Zhang et al. 126 descobriram que 23 de 659 (3,5%) pacientes com COVID-19 grave tinham mutações deletérias em 8 loci que os tornavam incapazes de produzir ou responder ao interferon tipo I. Em contraste, apenas 1 de 534 pacientes com COVID-19 assintomático ou leve carregava uma mutação de perda de função heterozigótica em um desses loci ( IRF7 ). Combinado com um relatório de infecção COVID-19 grave em quatro pacientes jovens do sexo masculino com perda de função TLR7 mutações 128 , esses dois estudos mostram que erros inatos em sensores inatos ou suas vias de sinalização de interferon a jusante estão associados com COVID-19 grave. Bastard et al. 127descobriram que 135 de 987 (13,7%) pacientes com COVID-19 grave tinham anticorpos para IFNα, IFNω ou ambos, um achado que foi posteriormente confirmado por outro estudo 124 . Notavelmente, 94% dos pacientes eram homens. Estes autoanticorpos apresentaram atividade neutralizante de interferon in vitro. Em contraste, nenhum dos 663 pacientes com COVID-19 assintomático ou leve e apenas 4 dos 1.227 (0,3%) doadores saudáveis ​​tinham autoanticorpos para interferon tipo I. Coletivamente, esses estudos mostram as consequências devastadoras da falta de interferons tipo I em COVID-19.

Como esses resultados se encaixam com outros relatórios que mostram papéis protetores versus patogênicos de interferons tipo I e tipo III em COVID-19 (Fig.  2 )? Embora os interferons sejam altamente potentes no bloqueio da replicação do SARS-CoV-2, o SARS-CoV-2 tem um arsenal de mecanismos de evasão para bloquear a indução de interferons endógenos e a sinalização do receptor de interferon 129 , 130 . Essa redução da resposta inicial do interferon pode levar a respostas imunes desequilibradas do hospedeiro e à incapacidade de eliminar o vírus 29 . Em última análise, isso leva ao aumento prolongado dos níveis de interferons e genes estimulados por interferon que foram observados em COVID-19 grave em muitos estudos 109 , 131 , 132 ,133 embora não em outros 134 . Além disso, um nível elevado de IFNα é um biomarcador para mortalidade 109 . Esses resultados sugerem papéis patológicos de respostas retardadas e prolongadas do interferon tipo I e tipo III em COVID-19.

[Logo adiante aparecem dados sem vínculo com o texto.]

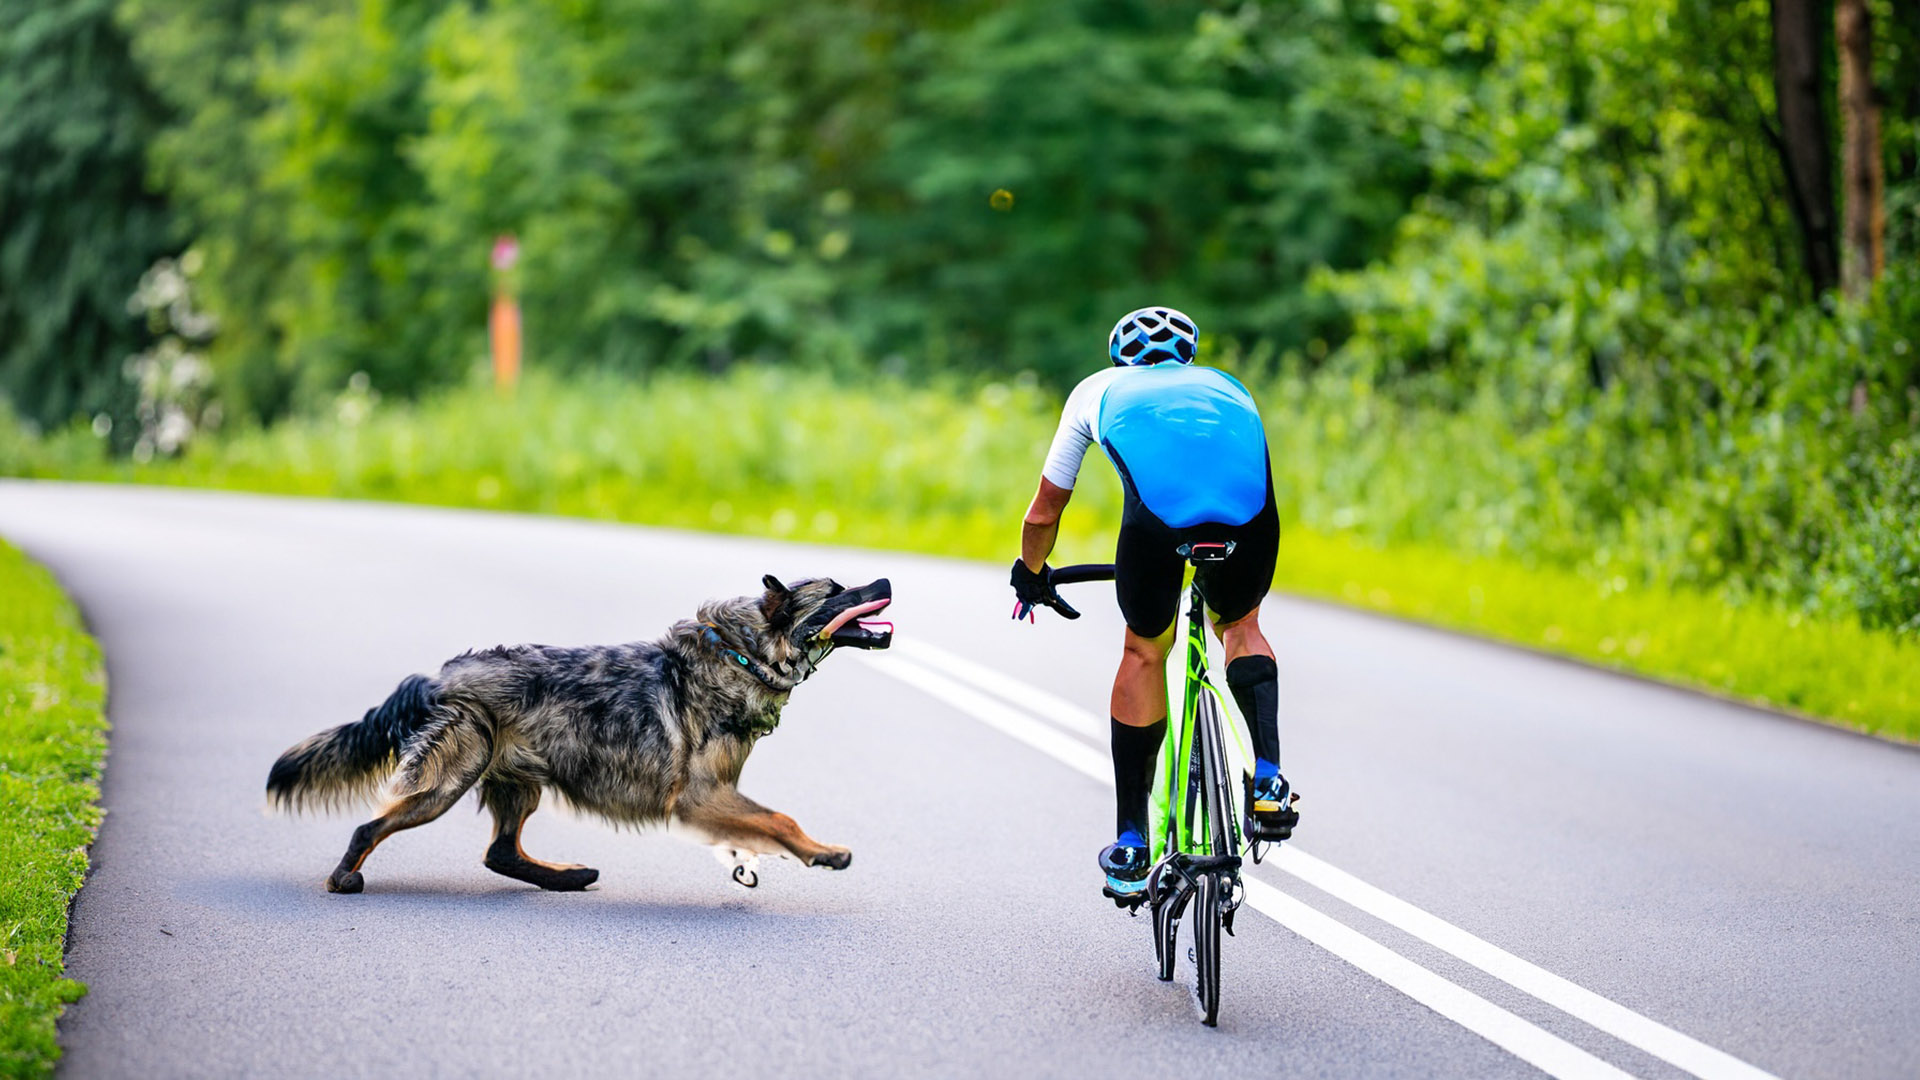 Un juzgado contencioso confirma la multa de 5.001 euros impuesta al dueño de un perro por morder a un ciclista

a | Quando a resposta do interferon tipo I à infecção com síndrome respiratória aguda grave coronavírus 2 (SARS-CoV-2) é precoce e robusta, a carga viral é controlada rapidamente, resultando em doença leve. Isso é seguido por respostas de células T e B de nível normal. Isso pode ocorrer em pessoas jovens ou após exposição a baixas doses de vírus. b | Quando a resposta do interferon tipo I é retardada ou reduzida precocemente durante a infecção com SARS-CoV-2, ocorre replicação e disseminação viral. A doença coronavírus grave 2019 (COVID-19) é acompanhada por linfopenia de células T. Apesar disso, fortes respostas de anticorpos são induzidas. O interferon tipo I induzido tarde durante a infecção pode ser prejudicial na condução de respostas patológicas. Isso pode ocorrer em adultos mais velhos ou após exposição a altas doses de vírus. c| Naqueles indivíduos que são geneticamente ou sorologicamente deficientes em interferon tipo I, a replicação do SARS-CoV-2 ocorre sem oposição, causando COVID-19 grave ou com risco de vida. Linfopenia de células T é observada. A ativação compensatória de respostas de anticorpos ocorre, mas é insuficiente para controlar a doença. d | A profilaxia pós-exposição precoce com interferon tipo I recombinante pode reduzir a carga viral de SARS-CoV-2 e acelerar a recuperação. No entanto, isso leva à redução da carga de antígeno e redução das respostas imunes adaptativas.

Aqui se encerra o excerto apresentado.